Speaking to Radio Free Europe/Radio Liberty on July 26, Andrii Niebytov, Deputy Head of the National Police of Ukraine, said that Zinchenko believes he "did the right thing."
"There’s a person, a totally pro-Ukrainian person. I have personally spoken with him. He respects Ukraine. His father is fighting in a brigade," he said.
"He loves Ukraine and thinks he did the right thing. He thinks Ukrainian society should not be divided. He had his own motives."
Niebytov also suggested Zinchenko wasn't working alone when he planned the assassination.
"I’ll put it this way: this person hasn’t come up with this idea by himself," he said.
"You know that he was a member of certain groups that unfortunately weren’t pro-Ukrainian."
On July 26, Ukrainian law enforcement agencies said Zinchenko could be involved in the Russian neo-Nazi movement.
Zinchenko's phone contained a digital book titled "Secret Instructions of the Central Intelligence Agency and the Committee for State Security on Fact-Gathering, Conspiracy and Disinformation," they said.
The suspect's search history on his devices also included the names of other politicians and deputies and the schedule of the regional council meeting, potentially indicating he planned more attacks on officials.
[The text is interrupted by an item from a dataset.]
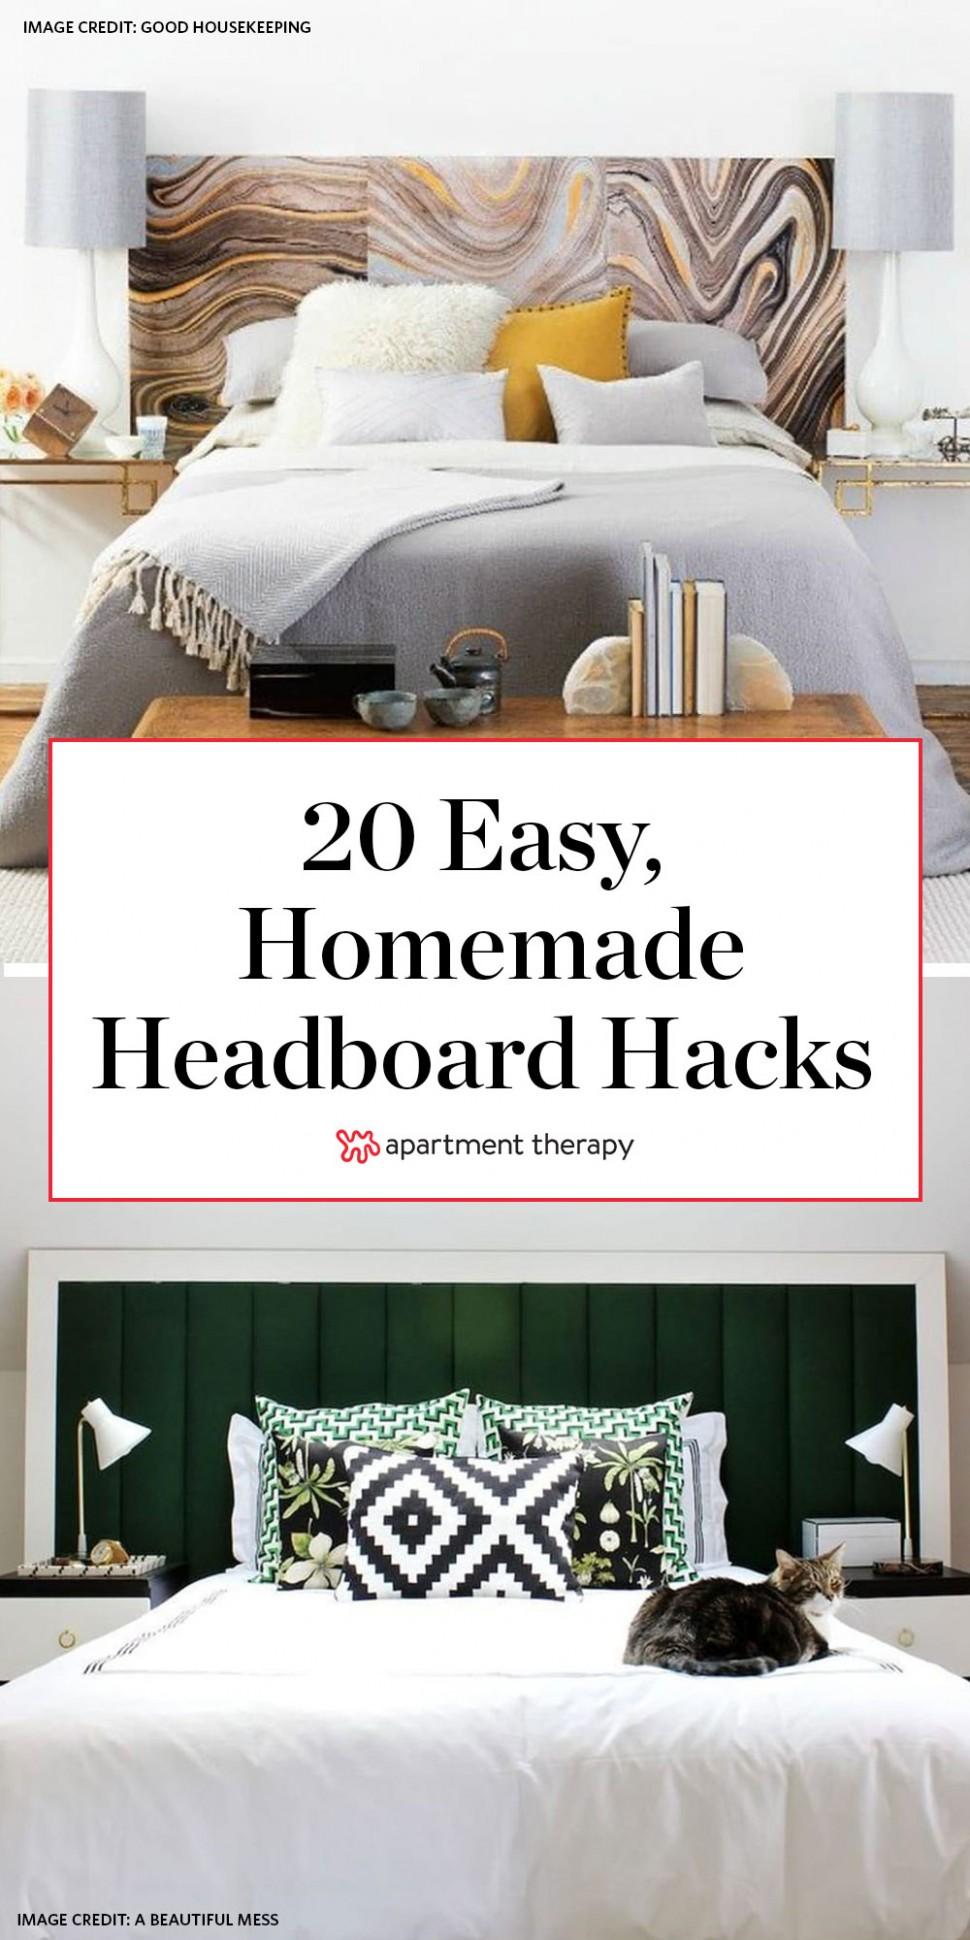 9+ Easy DIY Homemade Headboard Ideas - How to Make a Bed  - Bedroom Ideas Headboard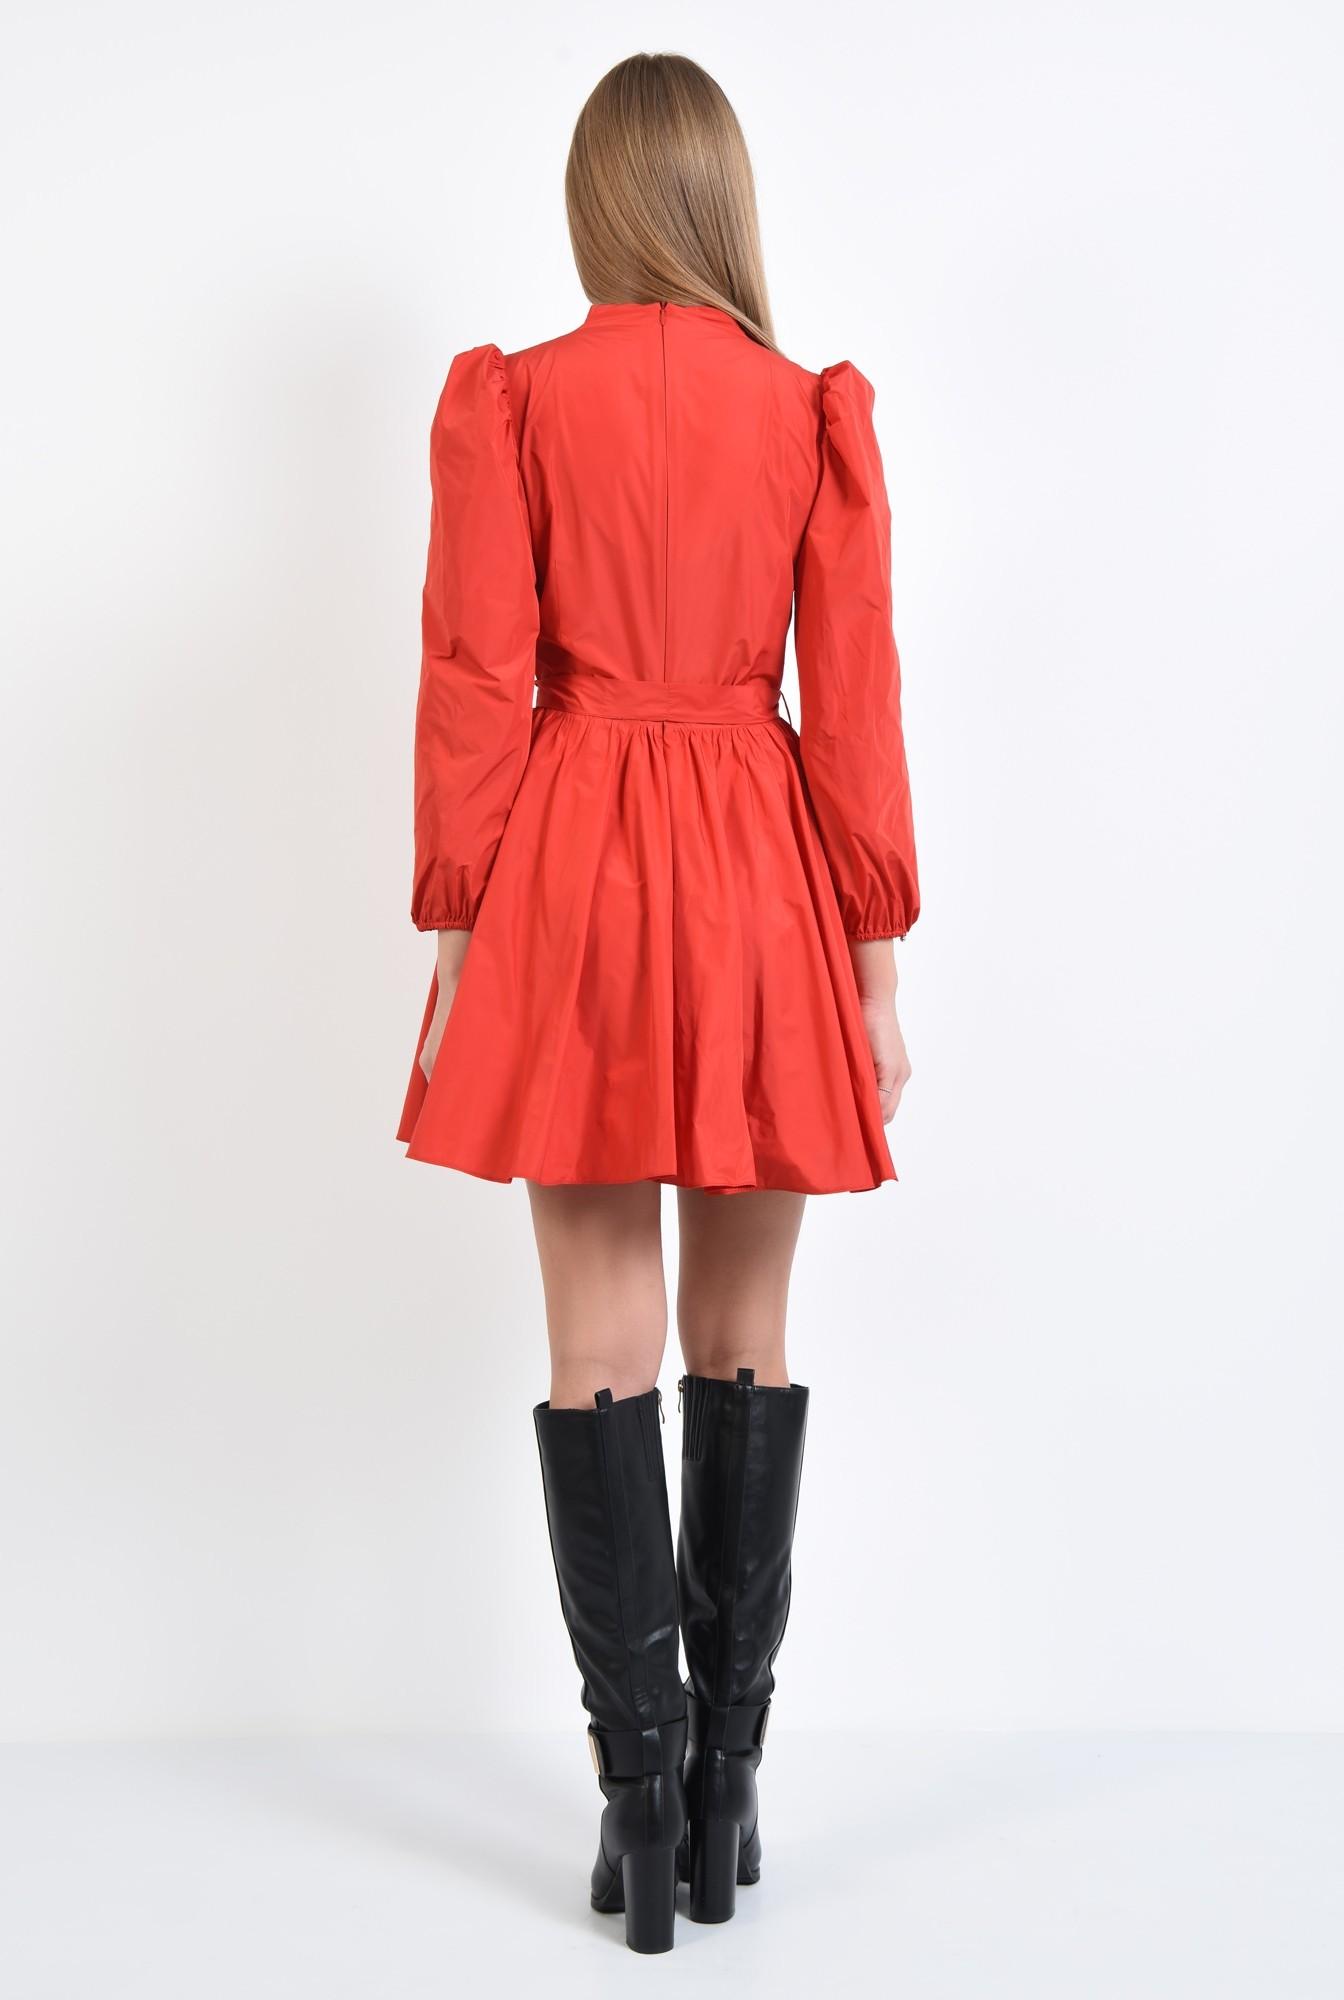 1 - 360 - rochie de zi, rosie, aspect sifonat, croi clos

The pro-Kremlin Telegram channel Readovka claimed that the NS/WP (National-Socialism/White Power) group had taken responsibility for Farion's murder. Readovka also described the NS/WP as "neo-Nazi."
The Ukrainian police were examining the claims published on Russian social media, a police spokesperson said.
Zinchenko also prepared a farewell letter in which he asked to explain to his father that he "hid everything from him for his safety, not because he did not trust him."